Second Rule: Make URLs in lowercas

Before using lowercase URLs for the canonical tags, you must ensure that lowercase URLs have been configured on the server. Google can regard the lowercase and uppercase URLs as two distinct URLs.

Third Rule: Select the appropriate domain protocol (HTTP or HTTPS)

Ensure you don't include any HTTP URLs within your canonical tags when you've migrated from SSL to HTTP. Performing so could produce a confusing situation with unanticipated consequences. Use the URL in the following format if you're on a secure domain (HTTPS) −

<link rel="canonical" href="https://tutorialspoint.com/example-page/" />

Compared to:

<link rel="canonical" href="http://tutorialspoint.com/example-page/" />

The reverse scenario holds if you're utilising HTTP, in any case.

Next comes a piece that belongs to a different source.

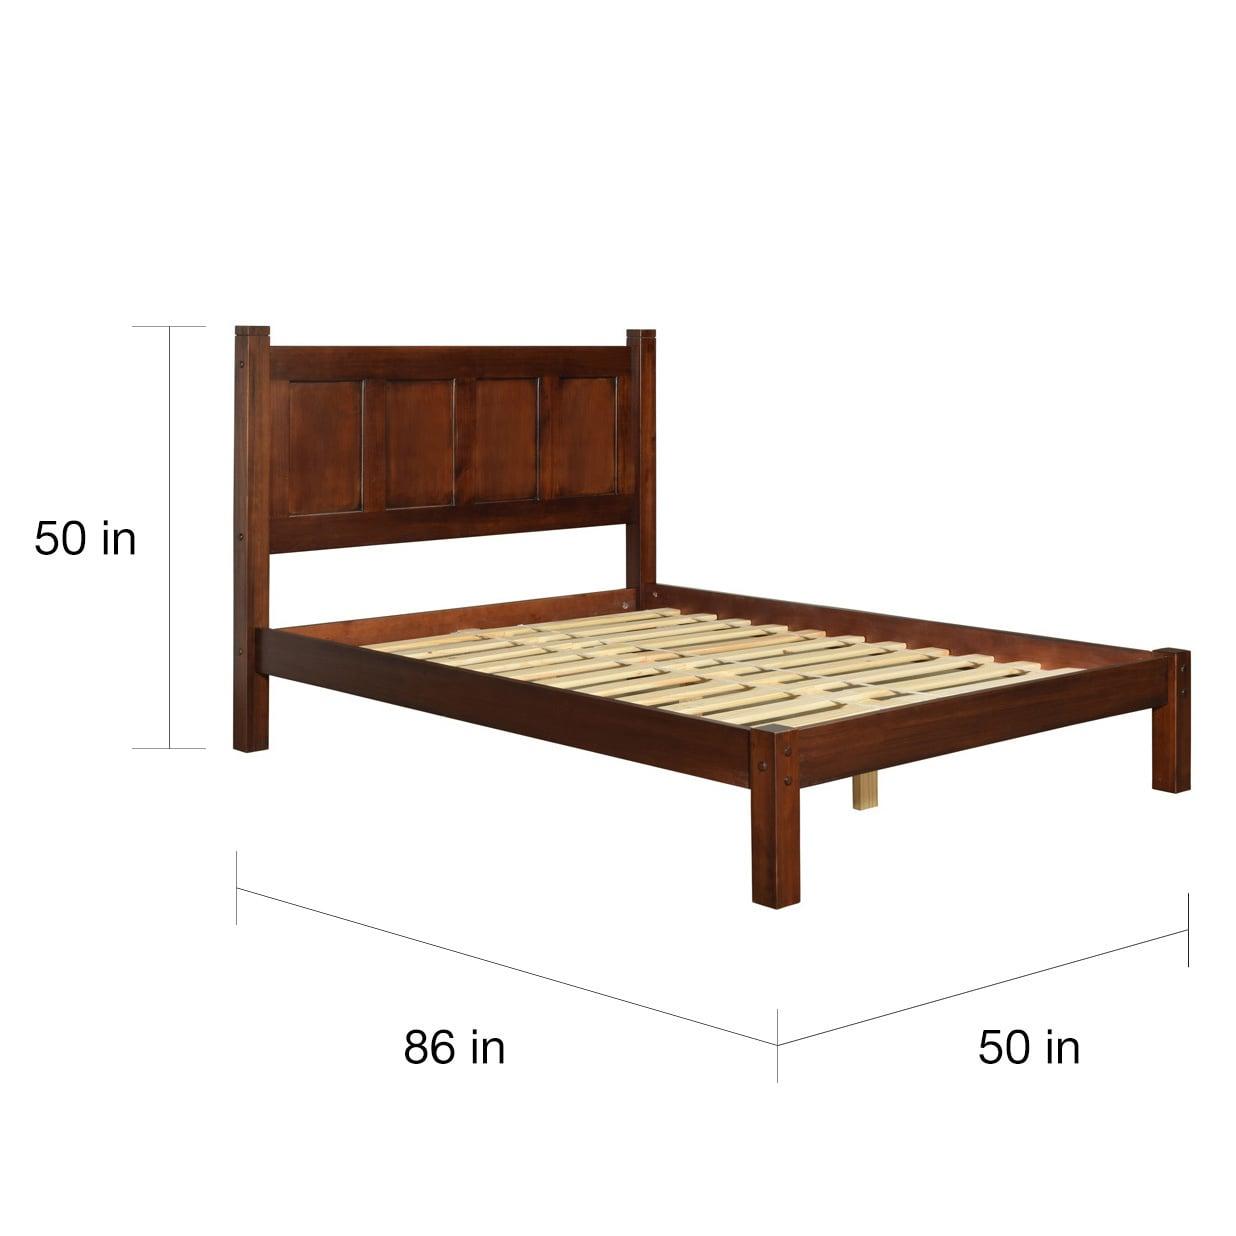 Shop Grain Wood Furniture Shaker Panel Queen Solid Wood Platform Bed ...

Fourth Rule: Canonical self-referential tags should be used

The developer must define self-referencing URLs when utilising a custom CMS (Content Management System). Still, the majority of current mainstream CMSs do this effectively and automatically.

Fifth Rule: Every web page should have a single canonical tag

If a webpage contains more than one, Google will not consider both canonical tags. When there are several rel=canonical declarations, Google will likely ignore all rel=canonical recommendations.

The Best Way To Use Canonical

Canonical URLs can be specified in five different methods. Canonicalization signals include the following −

(rel=canonical) HTML tag.
The header for the HTTP protocol.
Sitemap.
Redirecting to a 301 page.
Internal linking.

What Not To Do While Canonicalizing?

The concept of canonicalization is a little complicated. As a result, many people need to learn about canonicalization and the best way to do it.

Those who attempt to canonicalized frequently make the following errors −

The canonicalized URL is configured with "noindex".
Using robots.txt to prevent access to the canonicalized URL.
Canonicalizing each web page with a pagination to the primary web page.
Choosing the canonicalized URL's HTTP code status to 4XX.
adding several rel=canonical tags
utilising hreflang without canonical tags
rel=canonical tags in the <body> section of source code.

Conclusion

Canonical tags are relatively straightforward. Simply put, they take some time to understand. Do not forget that canonical tags serve as a hint to search engine crawlers rather than a direction. So they might select an alternative canonical than the one you specify.